About this exercise
Set down the data below in full and exactly, minus the pictures.

Information provided
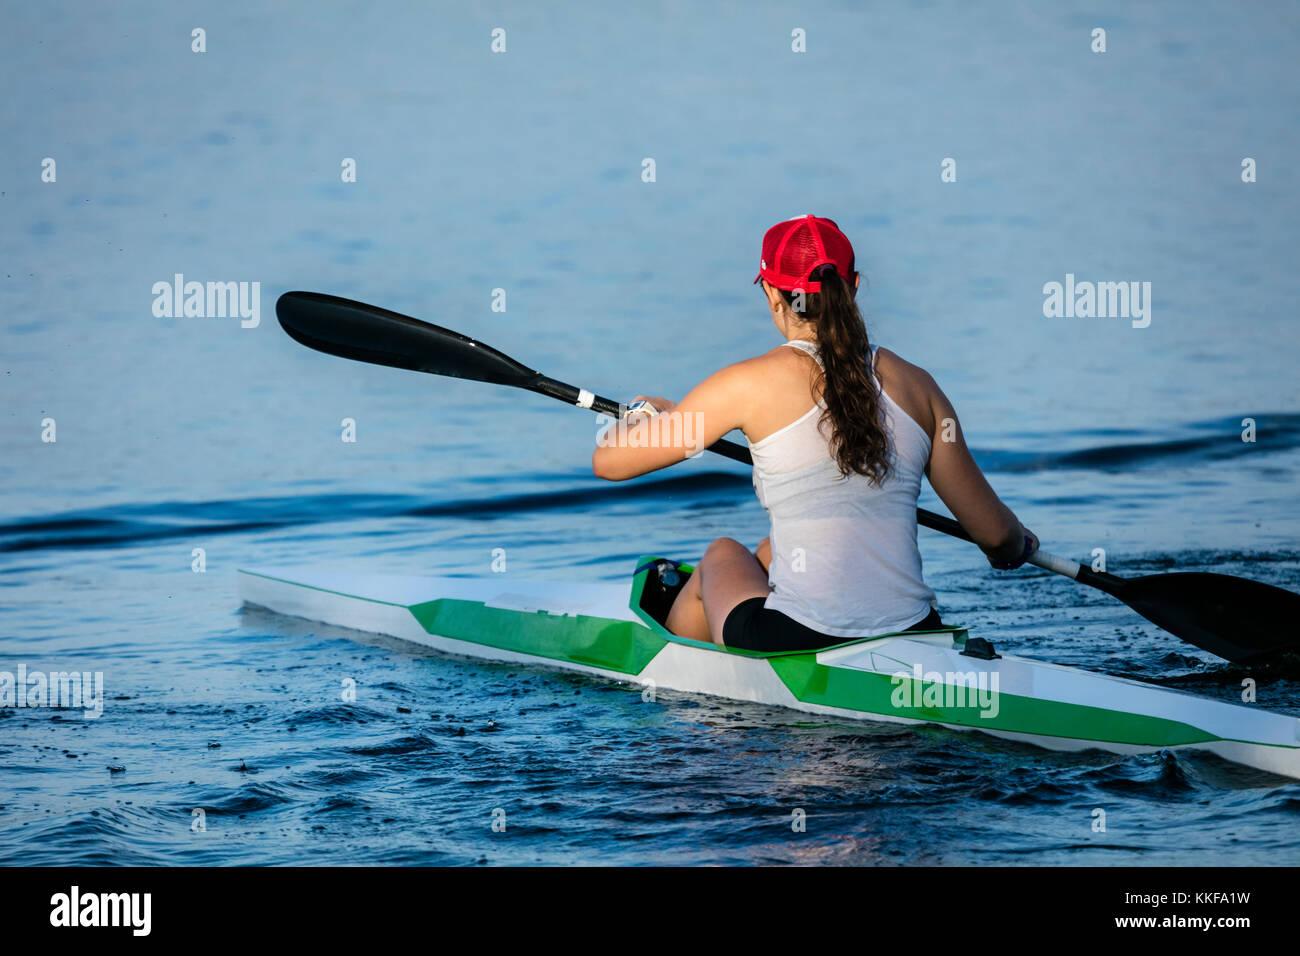 Ein Blick auf eine junge Frau ein Kajak paddeln von hinten. Stockbild
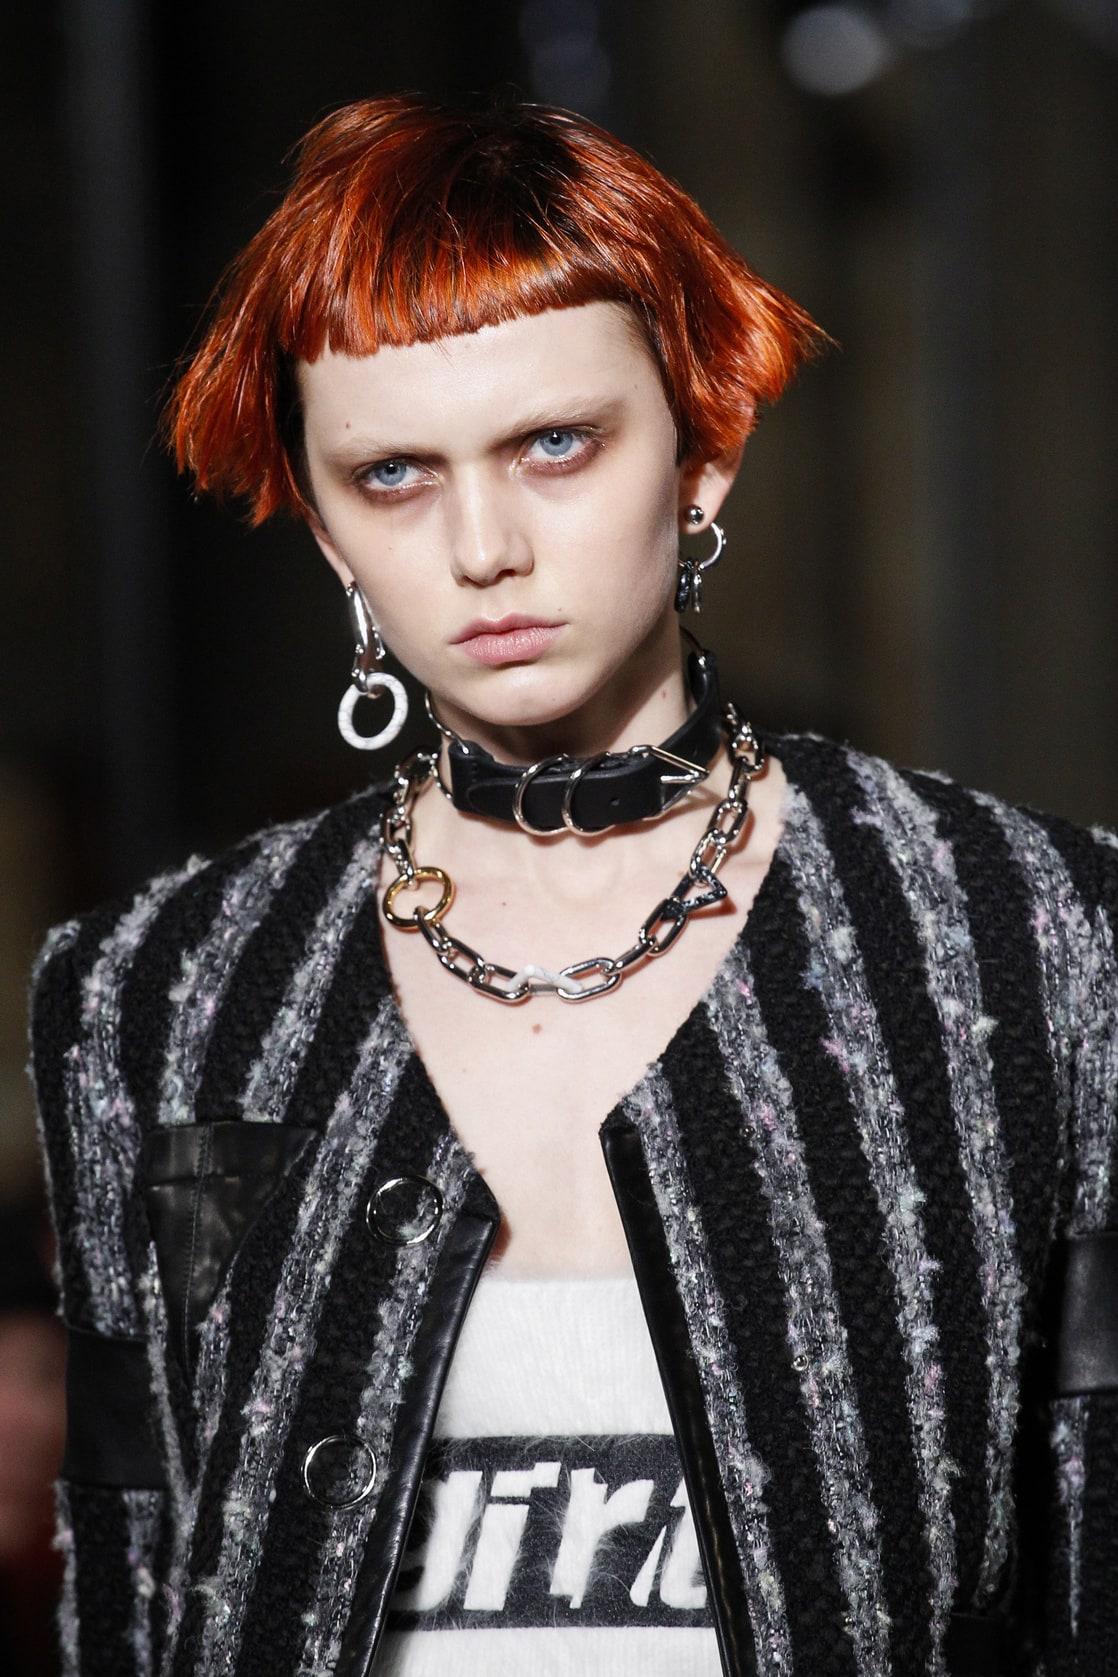 images Katie Moore (model)
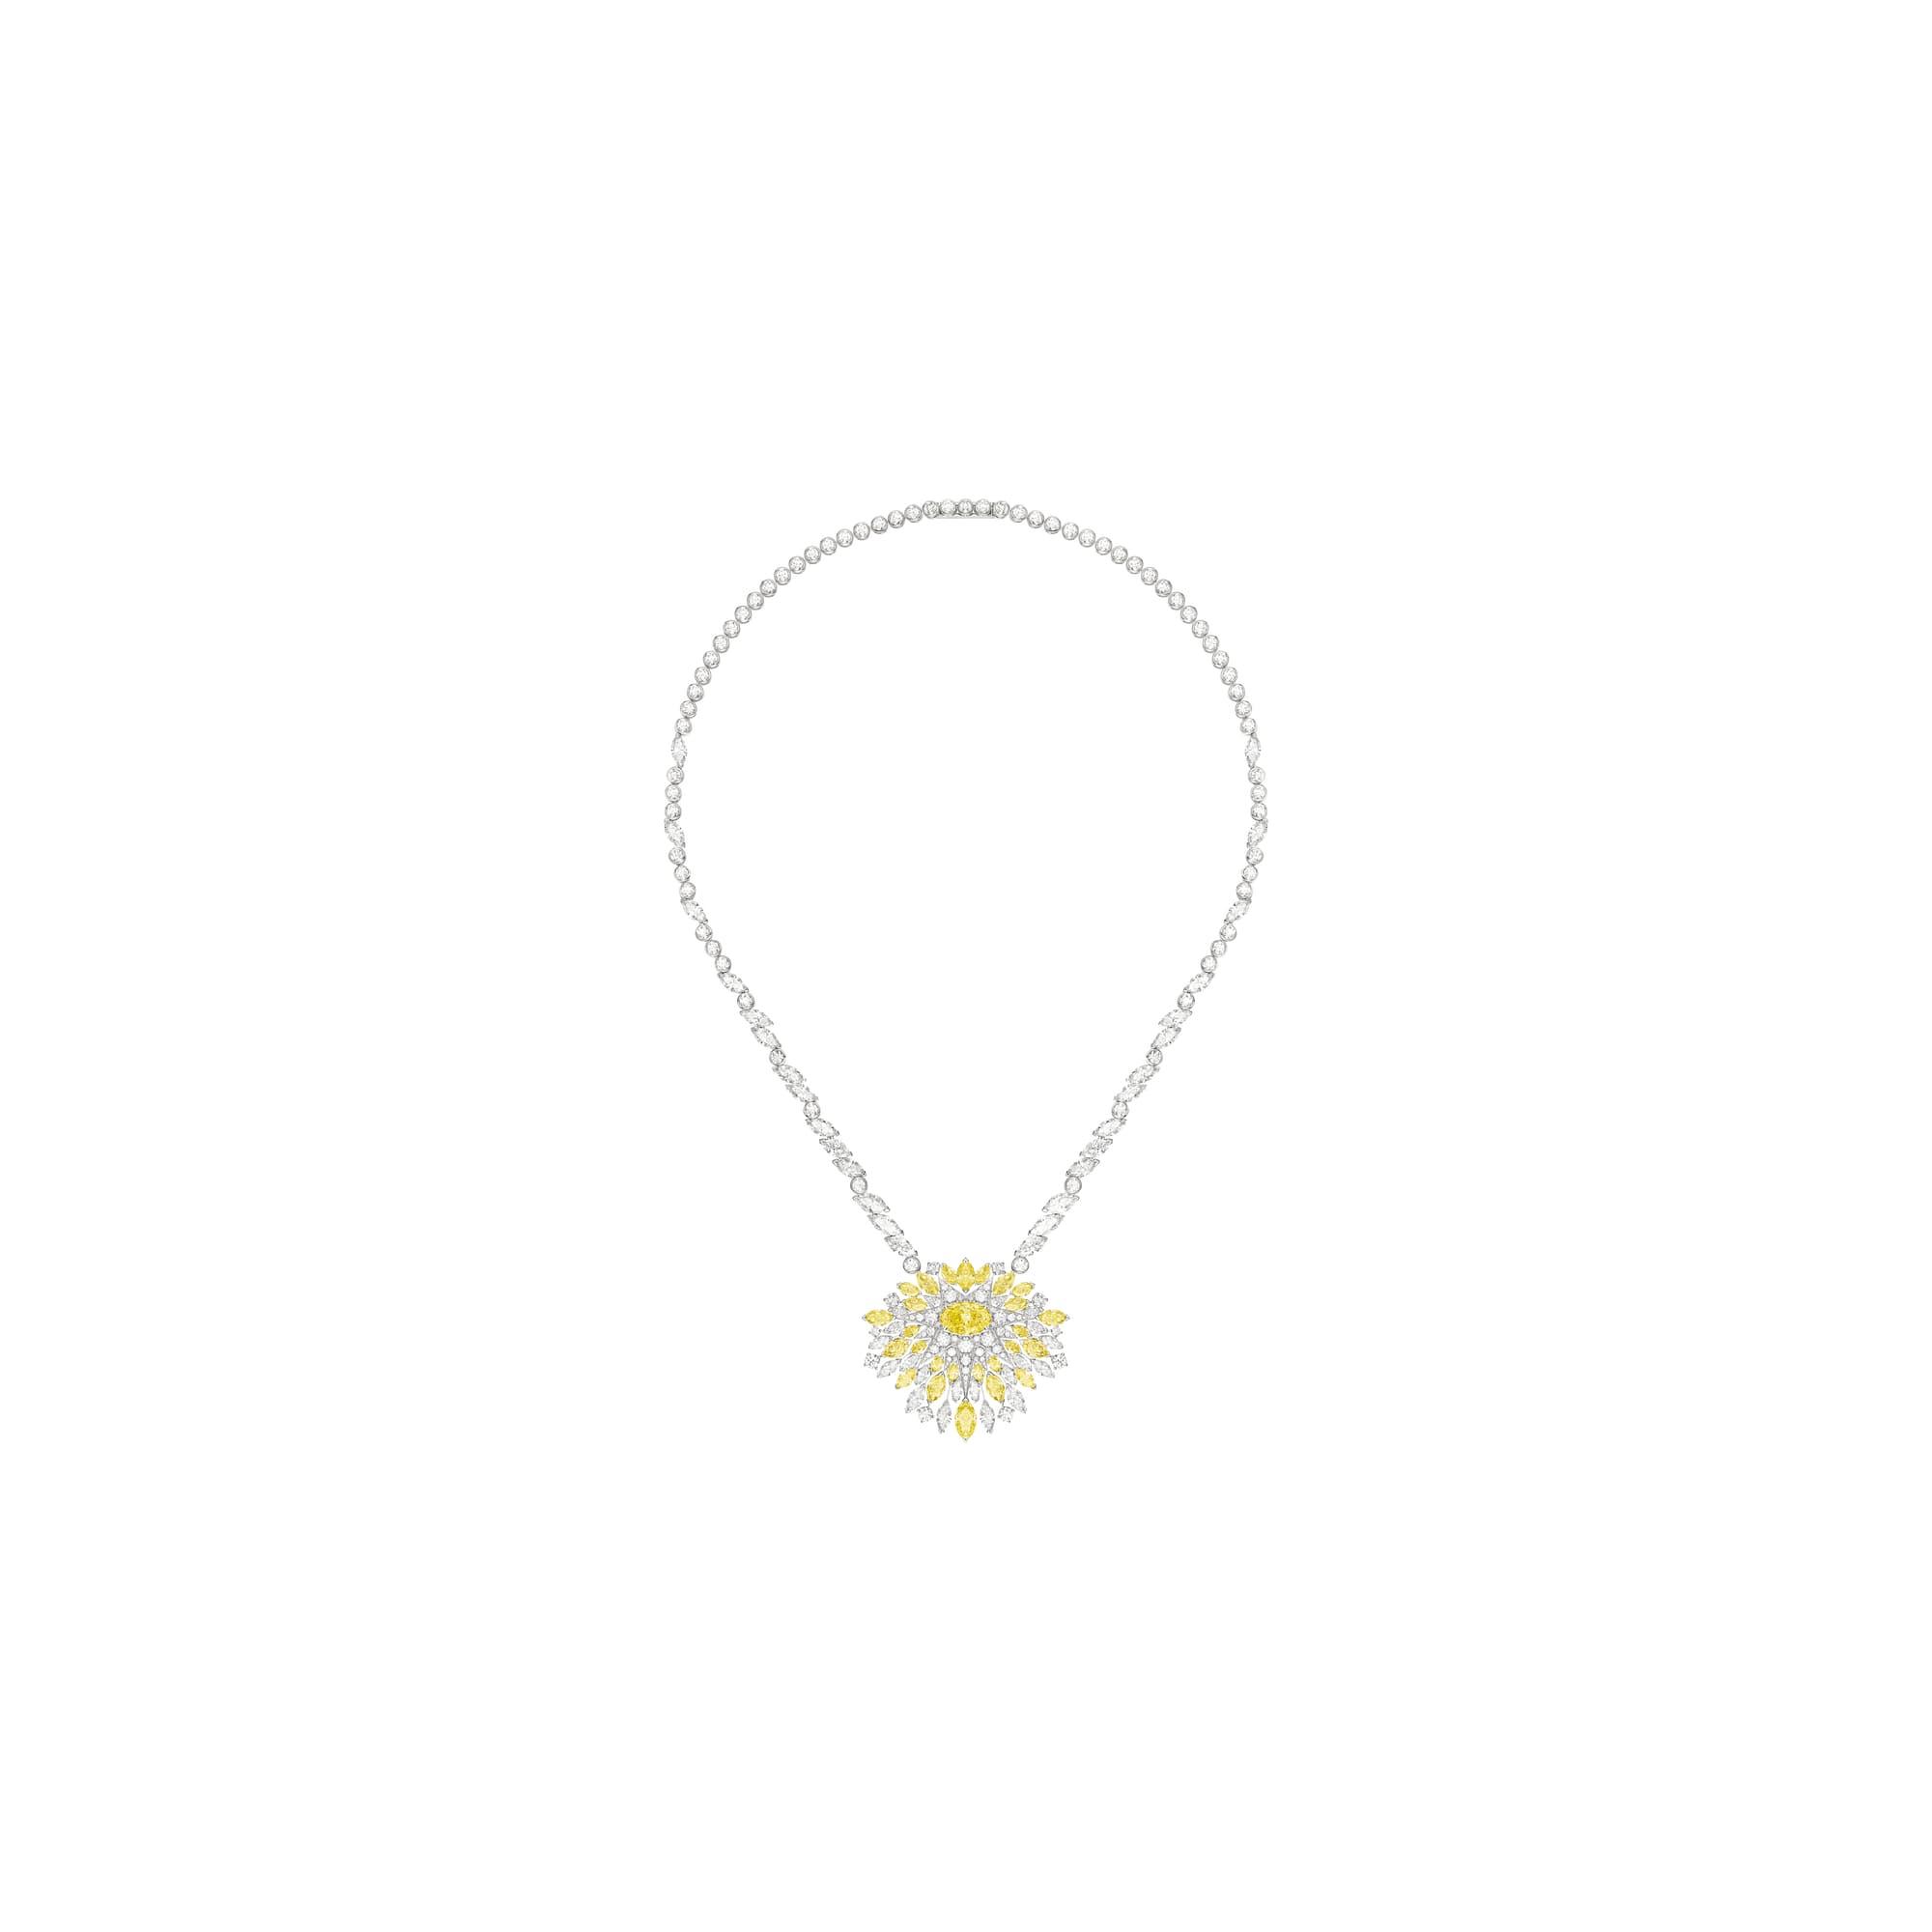 高级珠宝白金钻石项链
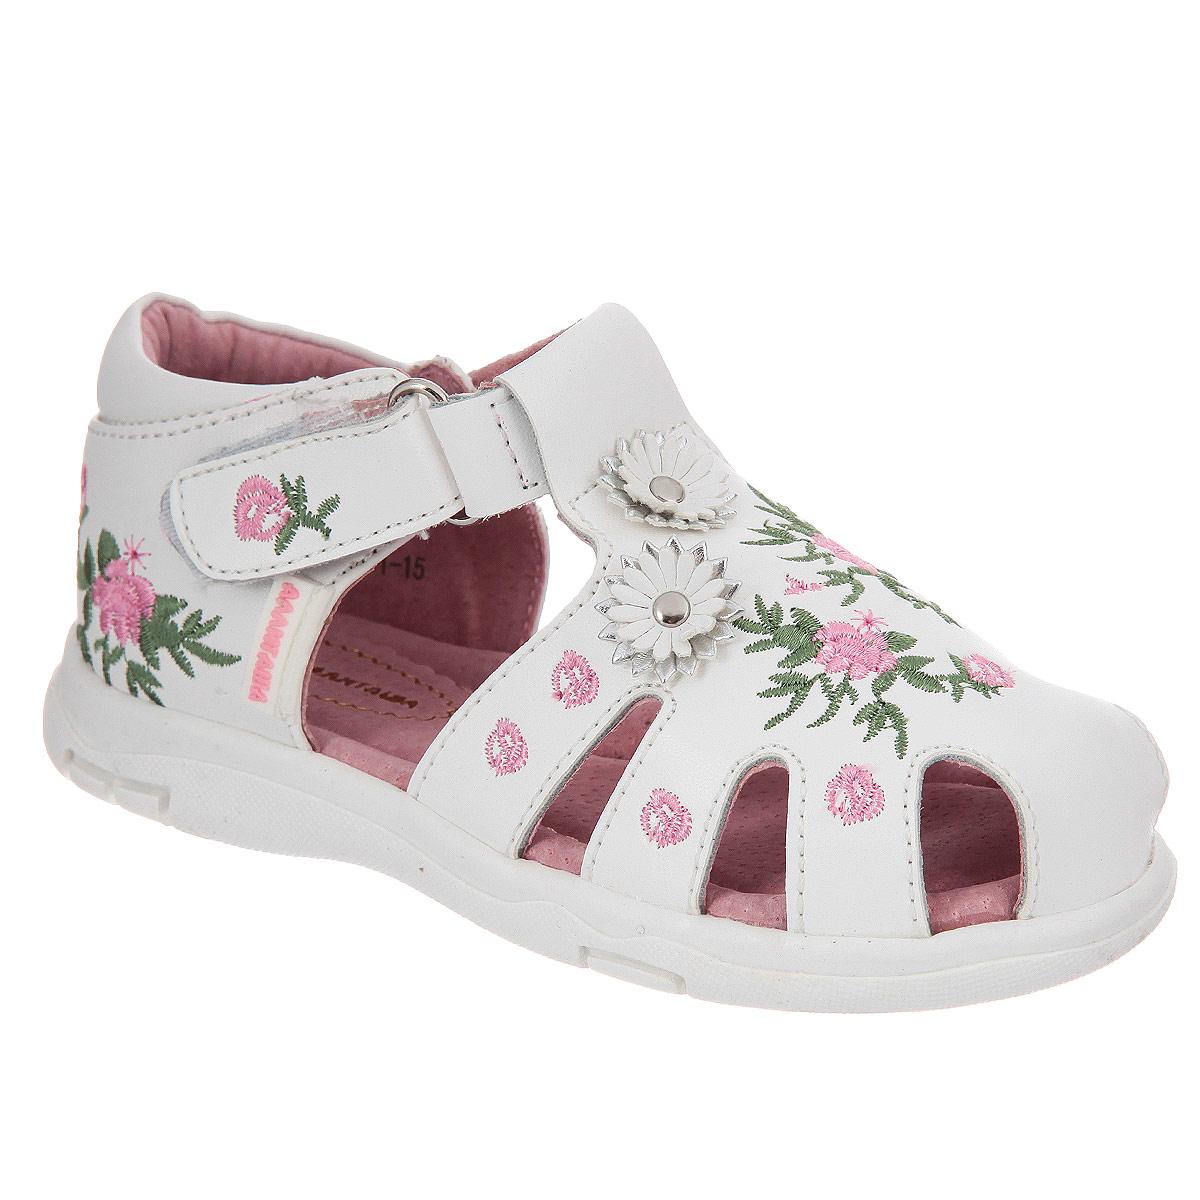 Сандалии24Яркие сандалии Аллигаша придутся по душе вашей маленькой моднице и идеально подойдут для повседневной носки в летнюю погоду! Модель выполнена из натуральной кожи и оформлена вышивкой. Спереди изделие украшено двумя цветками. Сердцевина цветов оформлена металлической заклепкой. Сбоку обувь оформлена прорезиненным названием бренда. Ремешок на застежке-липучке надежно зафиксирует модель на ноге ребенка. Стелька с супинатором, выполненная из натуральной кожи, обеспечивает правильное положение ноги ребенка при ходьбе, предотвращает плоскостопие. Рифленая поверхность подошвы защищает изделие от скольжения. Стильные сандалии - незаменимая вещь в гардеробе каждой девочки!

Expected answer
 Ein Blick auf eine junge Frau ein Kajak paddeln von hinten. Stockbild
 images Katie Moore (model)
 高级珠宝白金钻石项链
 Сандалии24Яркие сандалии Аллигаша придутся по душе вашей маленькой моднице и идеально подойдут для повседневной носки в летнюю погоду! Модель выполнена из натуральной кожи и оформлена вышивкой. Спереди изделие украшено двумя цветками. Сердцевина цветов оформлена металлической заклепкой. Сбоку обувь оформлена прорезиненным названием бренда. Ремешок на застежке-липучке надежно зафиксирует модель на ноге ребенка. Стелька с супинатором, выполненная из натуральной кожи, обеспечивает правильное положение ноги ребенка при ходьбе, предотвращает плоскостопие. Рифленая поверхность подошвы защищает изделие от скольжения. Стильные сандалии - незаменимая вещь в гардеробе каждой девочки!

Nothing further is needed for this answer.